[aarch64-port-dev ] Sporadic crashes on aarch64 after switching from OpenJDK 9 to 10
Andrew Haley
aph at redhat.com
Tue Jun 19 16:19:35 UTC 2018
On 06/19/2018 04:44 PM, Stephan Bergmann wrote:
> I unfortunately have a bit of a complex set up, but maybe somebody has
> an idea how to debug this further:
>
> I am doing Flatpak builds of LibreOffice. Those builds used to use
> OpenJDK 9. When I tried to switch to OpenJDK 10, builds for aarch64
> started to fail, in one of LibreOffice's tests that instantiates a JVM
> in a (C++) process. Builds for other platforms (arm 32-bit, x86 32- and
> 64-bit) did not fail.
>
> I unsuccessfully tried to reproduce the failure on various aarch64
> machines (with varying 4K and 64K PAGE_SIZE); the only kind of machine I
> could reproduce it on (not fully reliably, but around 50% of the time)

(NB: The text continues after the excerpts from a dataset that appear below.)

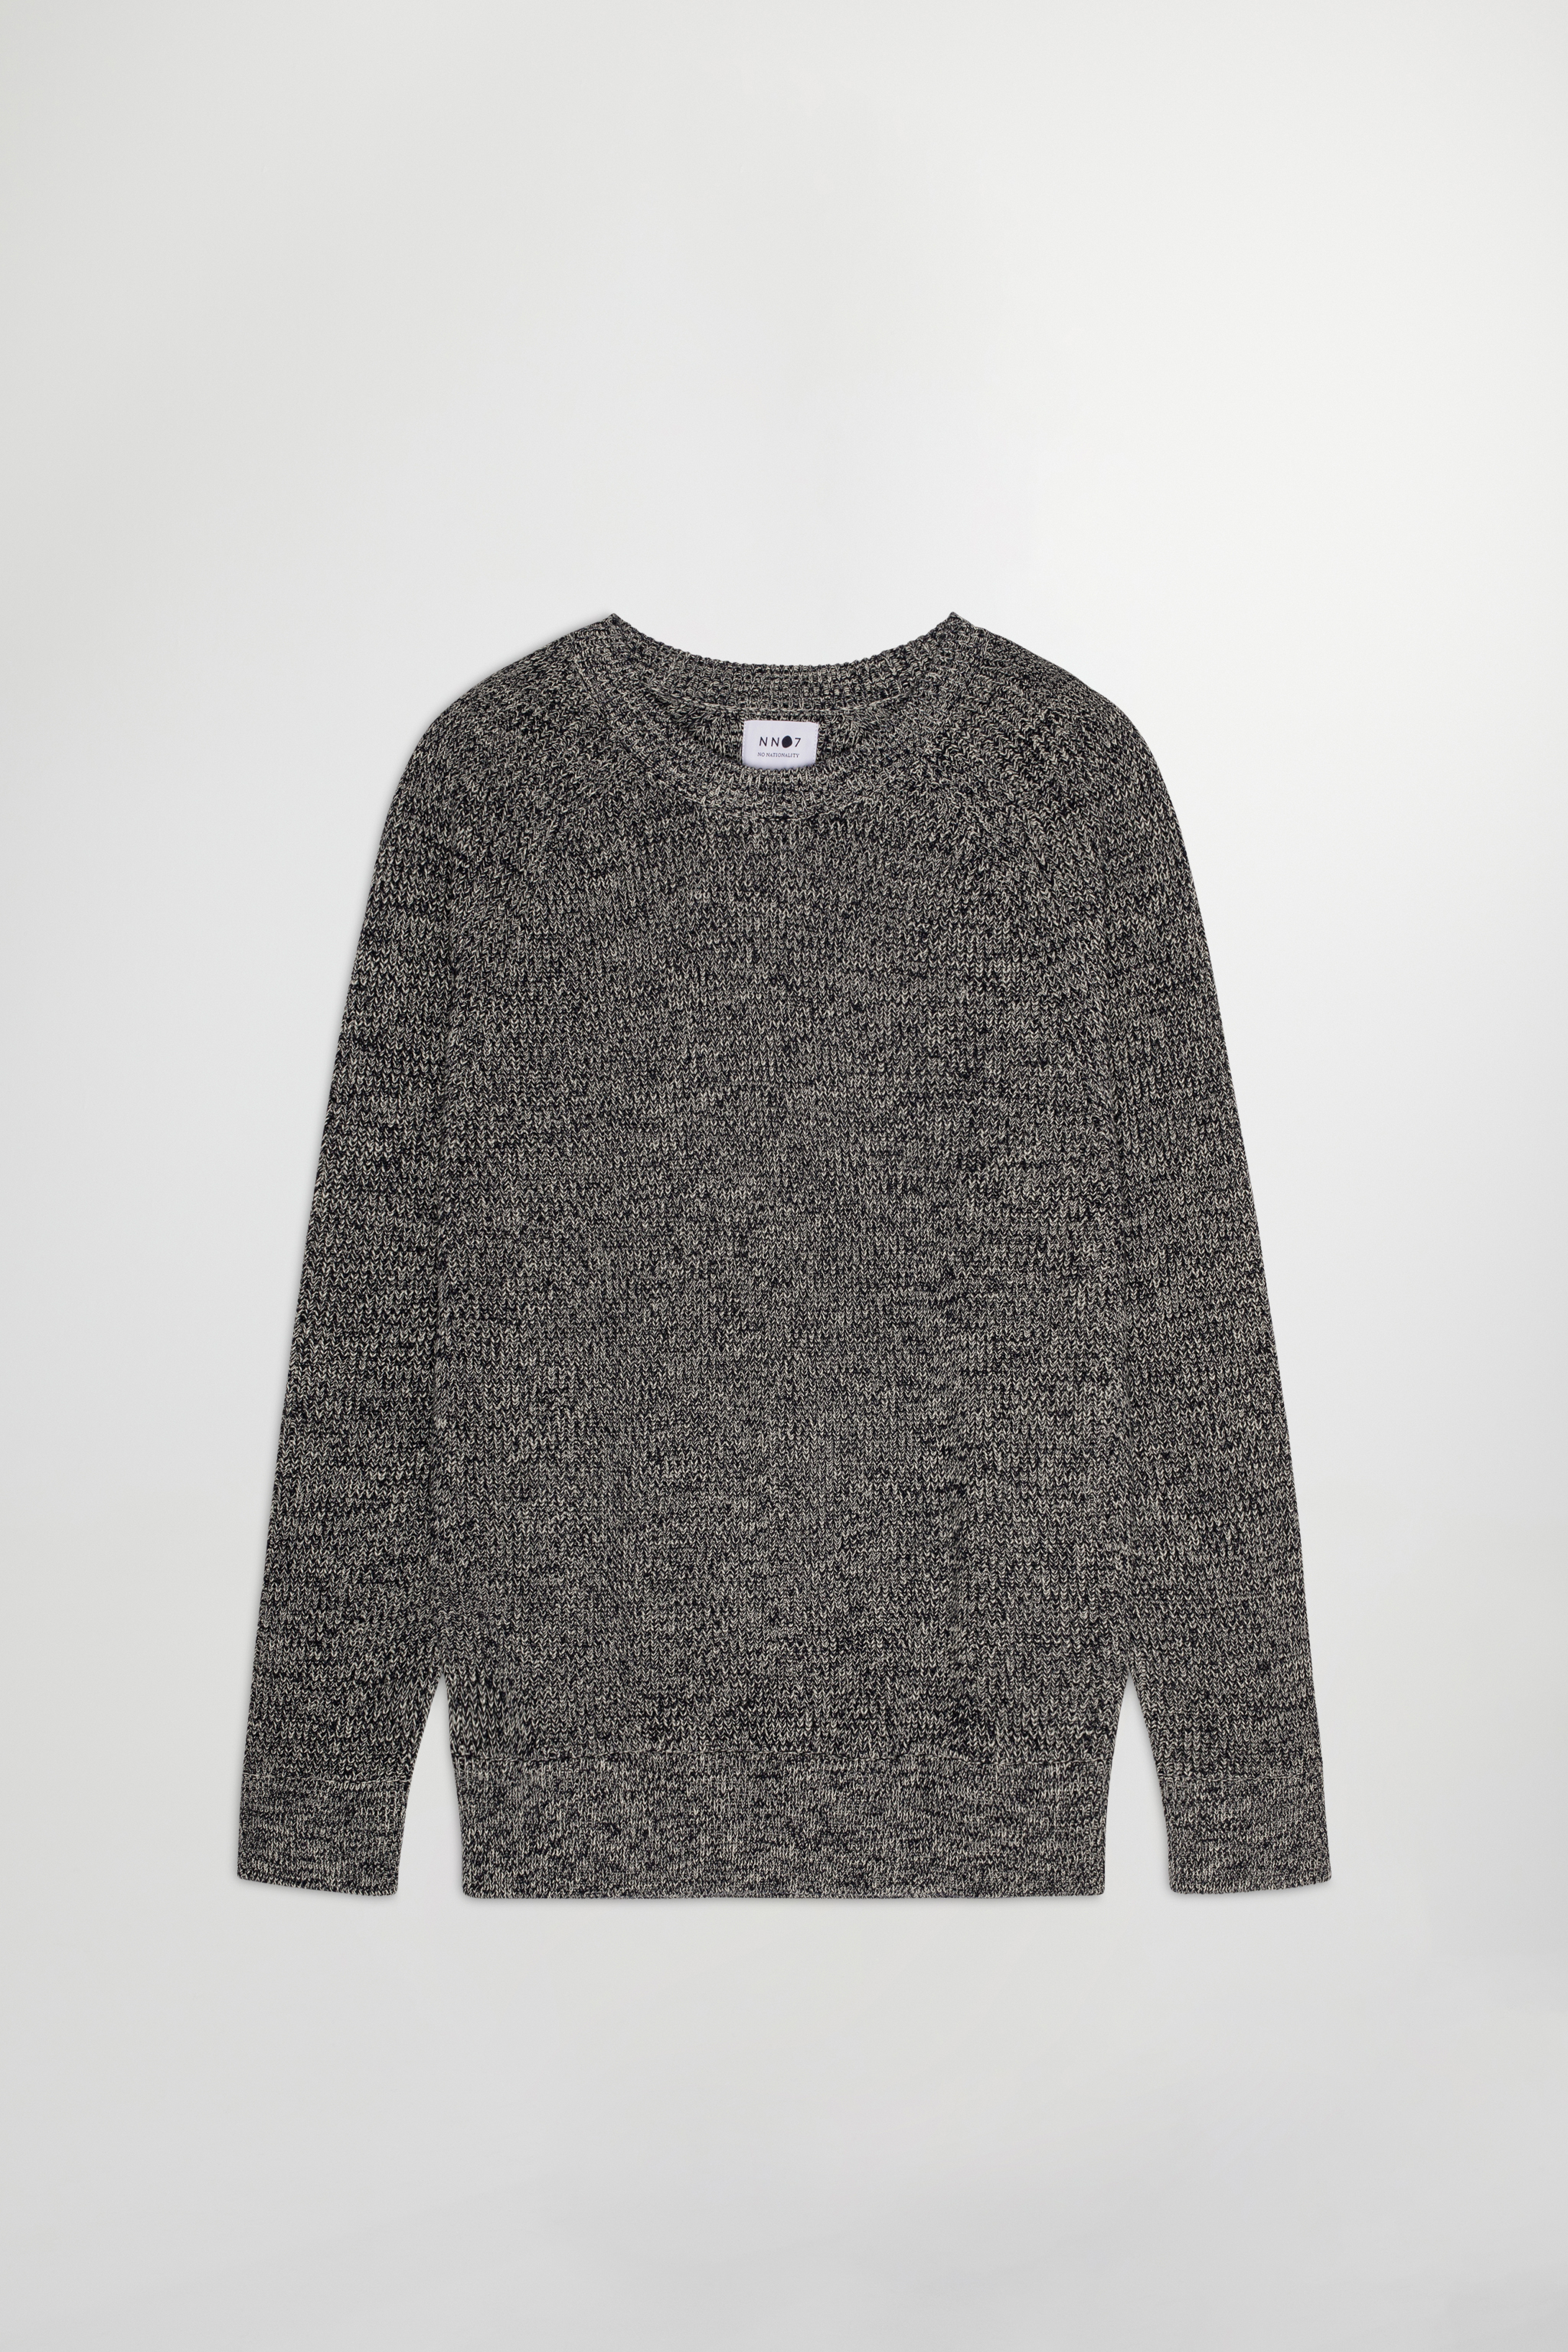 Jacobo 6470 men's sweater - Blue - Buy online at NN.07®
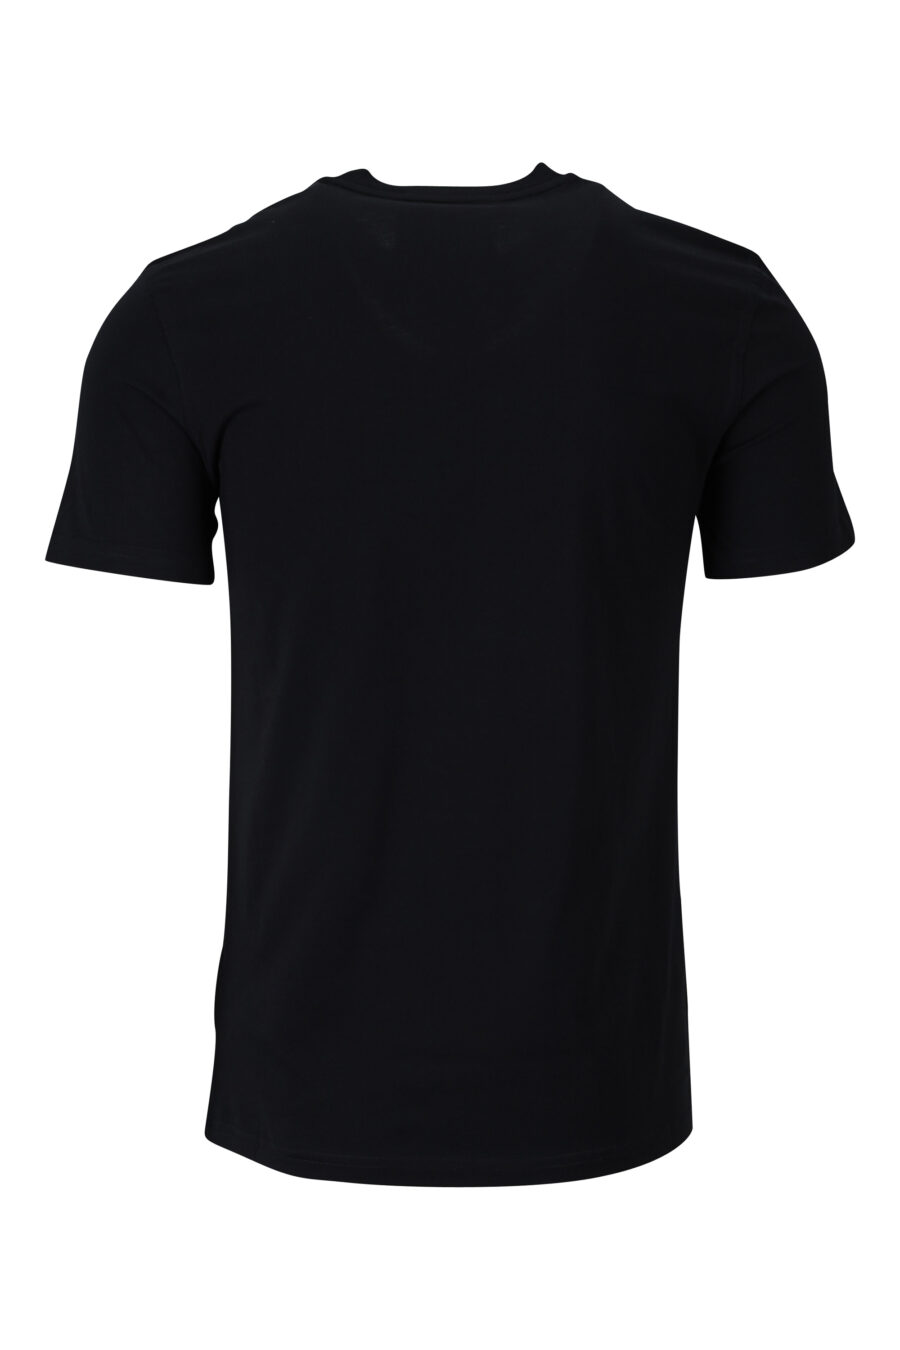 T-shirt preta de algodão orgânico com maxilogo "teddy" - 889316854589 1
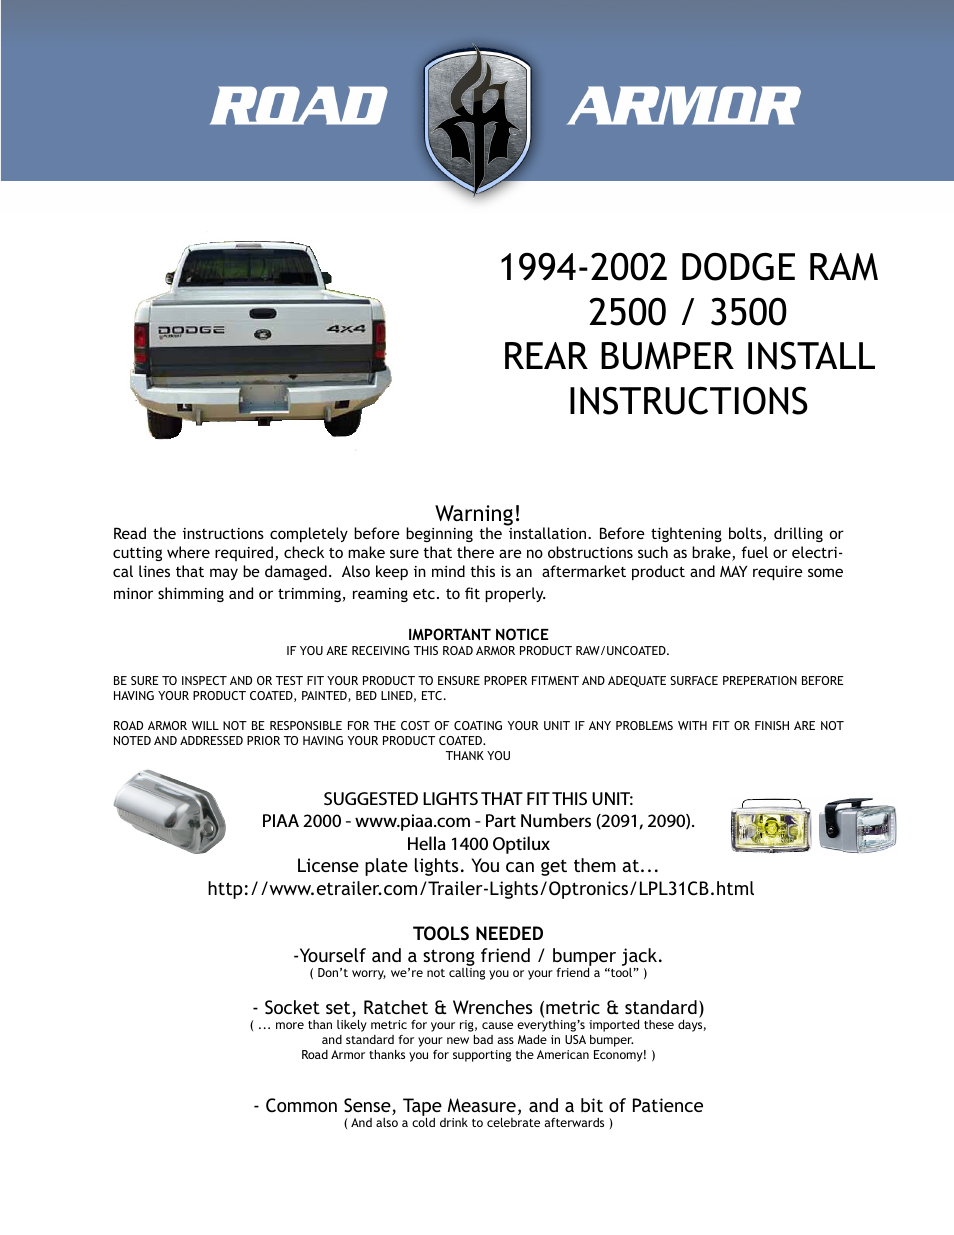 1994-2002 Dodge 2500,3500 Rear Bumper

> is massively parallel 64-core machines (which are routinely used for
> those Flatpak builds).
>
> The symptom is always a SIGSEGV in a thread whose gdb backtrace shows
> just a single frame of apparently JIT-generated code (i.e., outside any
> .so). A typical such case is
>
>> (gdb) disas 0x0000ffff8a1d6d80,+300
>> Dump of assembler code from 0xffff8a1d6d80 to 0xffff8a1d6eac:
>> 0x0000ffff8a1d6d80: .inst 0xffffffff ; undefined
>> 0x0000ffff8a1d6d84: .inst 0x00000000 ; undefined
>> 0x0000ffff8a1d6d88: adrp x12, 0x100003add7000
>> 0x0000ffff8a1d6d8c: .inst 0x00386024 ; NYI
>> 0x0000ffff8a1d6d90: .inst 0x60806000 ; undefined
>> 0x0000ffff8a1d6d94: .inst 0x00000000 ; undefined
>> 0x0000ffff8a1d6d98: .inst 0x00000000 ; undefined
>> 0x0000ffff8a1d6d9c: .inst 0x00000000 ; undefined
>> 0x0000ffff8a1d6da0: .inst 0x00000000 ; undefined
>> 0x0000ffff8a1d6da4: .inst 0x00000000 ; undefined
>> 0x0000ffff8a1d6da8: .inst 0x00000000 ; undefined
>> 0x0000ffff8a1d6dac: .inst 0x00000000 ; undefined
>> 0x0000ffff8a1d6db0: .inst 0x00000000 ; undefined
>> 0x0000ffff8a1d6db4: .inst 0x00000000 ; undefined
>> 0x0000ffff8a1d6db8: .inst 0x00000000 ; undefined
>> 0x0000ffff8a1d6dbc: .inst 0x00000000 ; undefined
>> 0x0000ffff8a1d6dc0: ldr w8, [x1,#8]
>> 0x0000ffff8a1d6dc4: cmp w9, w8
>> 0x0000ffff8a1d6dc8: b.eq 0xffff8a1d6e00
>> 0x0000ffff8a1d6dcc: adrp x8, 0xffff8263c000
>> 0x0000ffff8a1d6dd0: add x8, x8, #0x700
>> 0x0000ffff8a1d6dd4: br x8
>> 0x0000ffff8a1d6dd8: nop
>> 0x0000ffff8a1d6ddc: nop
>> 0x0000ffff8a1d6de0: nop
>> 0x0000ffff8a1d6de4: nop
>> 0x0000ffff8a1d6de8: nop
>> 0x0000ffff8a1d6dec: nop
>> 0x0000ffff8a1d6df0: nop
>> 0x0000ffff8a1d6df4: nop
>> 0x0000ffff8a1d6df8: nop
>> 0x0000ffff8a1d6dfc: nop
>> 0x0000ffff8a1d6e00: nop
>> 0x0000ffff8a1d6e04: sub x9, sp, #0x14, lsl #12
>> 0x0000ffff8a1d6e08: str xzr, [x9]
>> 0x0000ffff8a1d6e0c: sub sp, sp, #0x40
>> 0x0000ffff8a1d6e10: stp x29, x30, [sp,#48]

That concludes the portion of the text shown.